Roasted cauliflower tossed with a silky, rich dairy-free cheese sauce and topped with golden breadcrumbs – nobody won’t even notice that it’s entirely plant-based!
Serves 4
You’ll need:
1 large cauliflower, cut into florets with stalks chopped and leaves separated
1 Tbsp sunflower oil
50g vegan butter block
50g plain flour
2 tsp mustard powder
2 tsp onion granules
2 tsp garlic granules
800ml soya milk
5 Tbsp nutritional yeast
75g sourdough bread, blitzed to breadcrumbs
75g vegan cheddar, grated
Here’s how:
- Heat the oven to 200C/180C fan/gas 6. Toss the cauliflower florets and stalks with the oil in a large roasting tin and season well. Roast for 25-30 mins until almost tender, then add the leaves and cook for a further 5 mins.
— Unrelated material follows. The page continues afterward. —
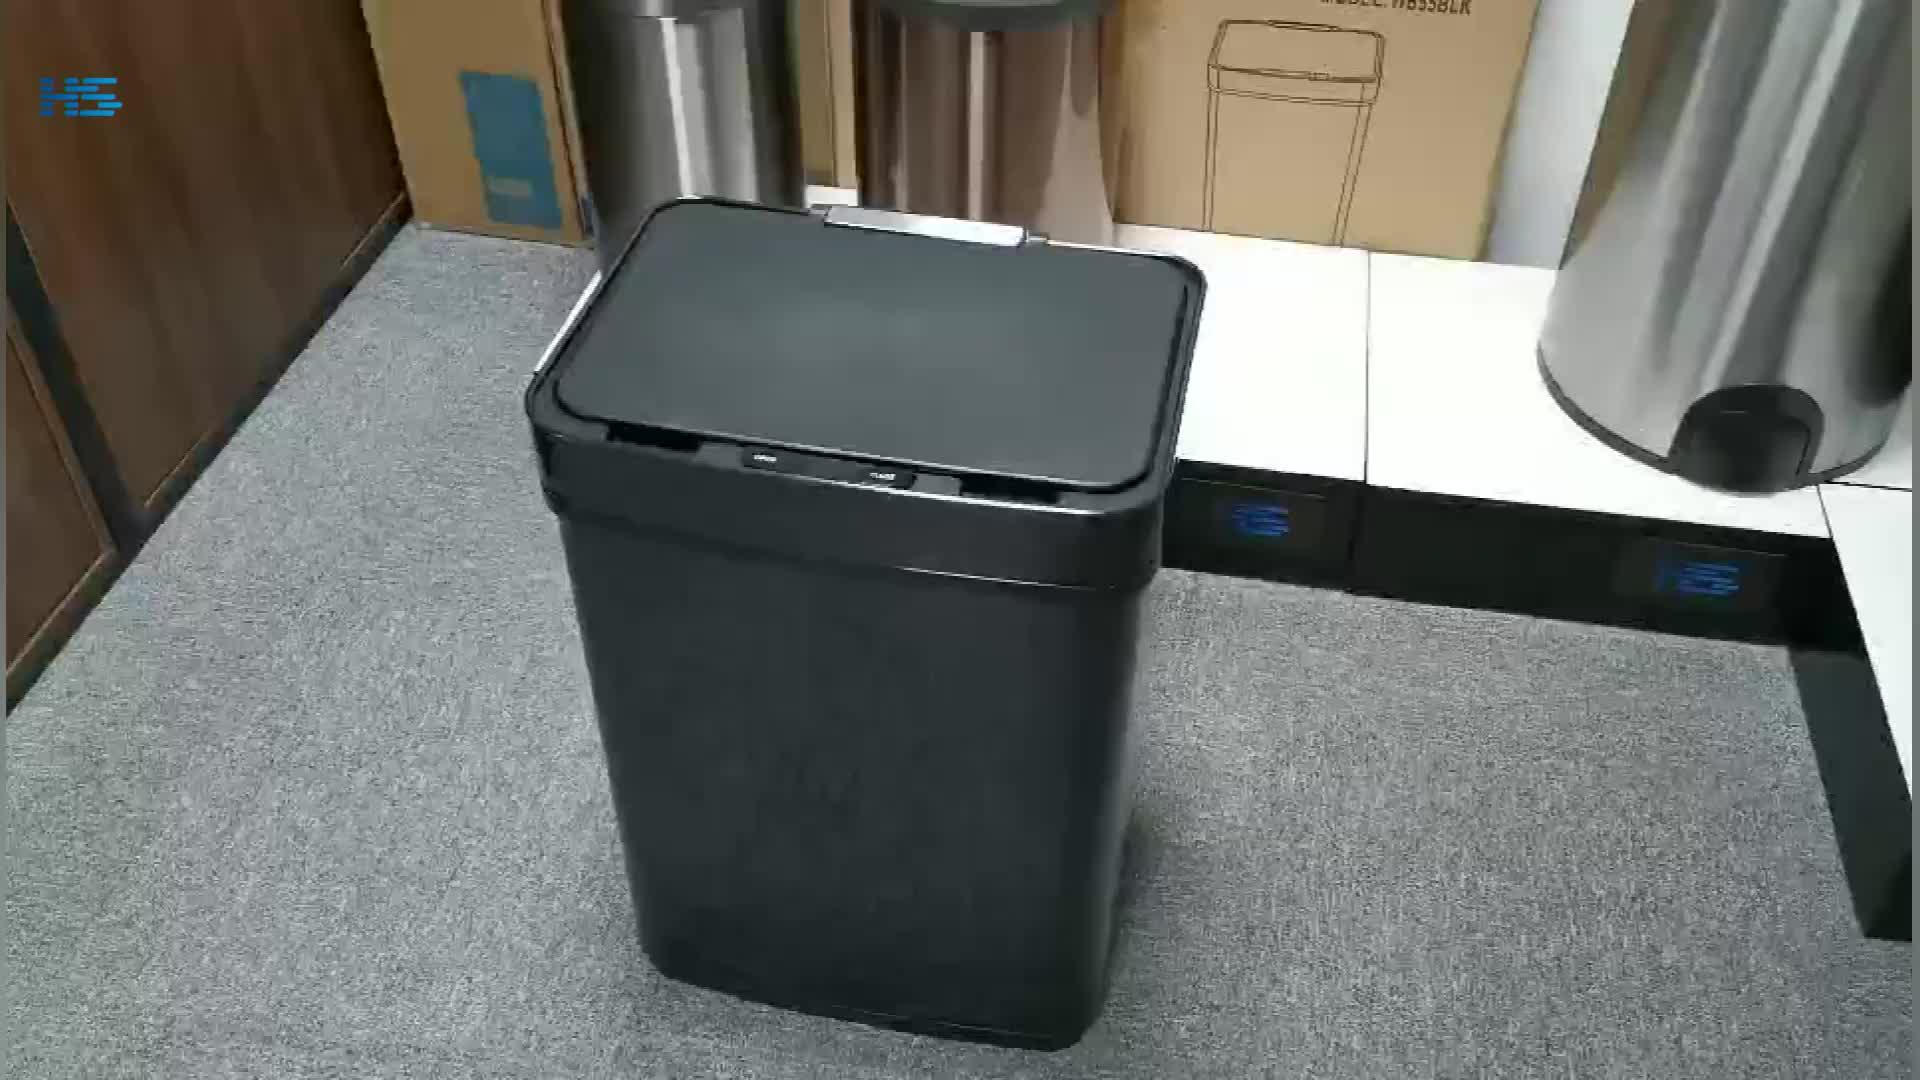 Edelstahl mülleimer recycle mülleimer stahl kompost küche bin

- To make the sauce, melt the vegan butter block in a large saucepan. Add the flour, mustard powder, onion and garlic granules and cook for 2-3 mins. Gradually add the soya milk, whisking well to incorporate. Bring to a gentle simmer, stirring constantly, then simmer for 4-5 mins until thickened and reduced slightly. Add the nutritional yeast and season well, then whisk to combine.
- Tip the sourdough breadcrumbs and vegan cheese into a bowl and stir to combine. Season well. Remove the cauliflower from the oven, spoon over the sauce and stir to combine. Scatter over the cheesy sourdough crumbs and return to the oven for 10 mins until bubbling and golden.
- Serve as a side or main with a green salad.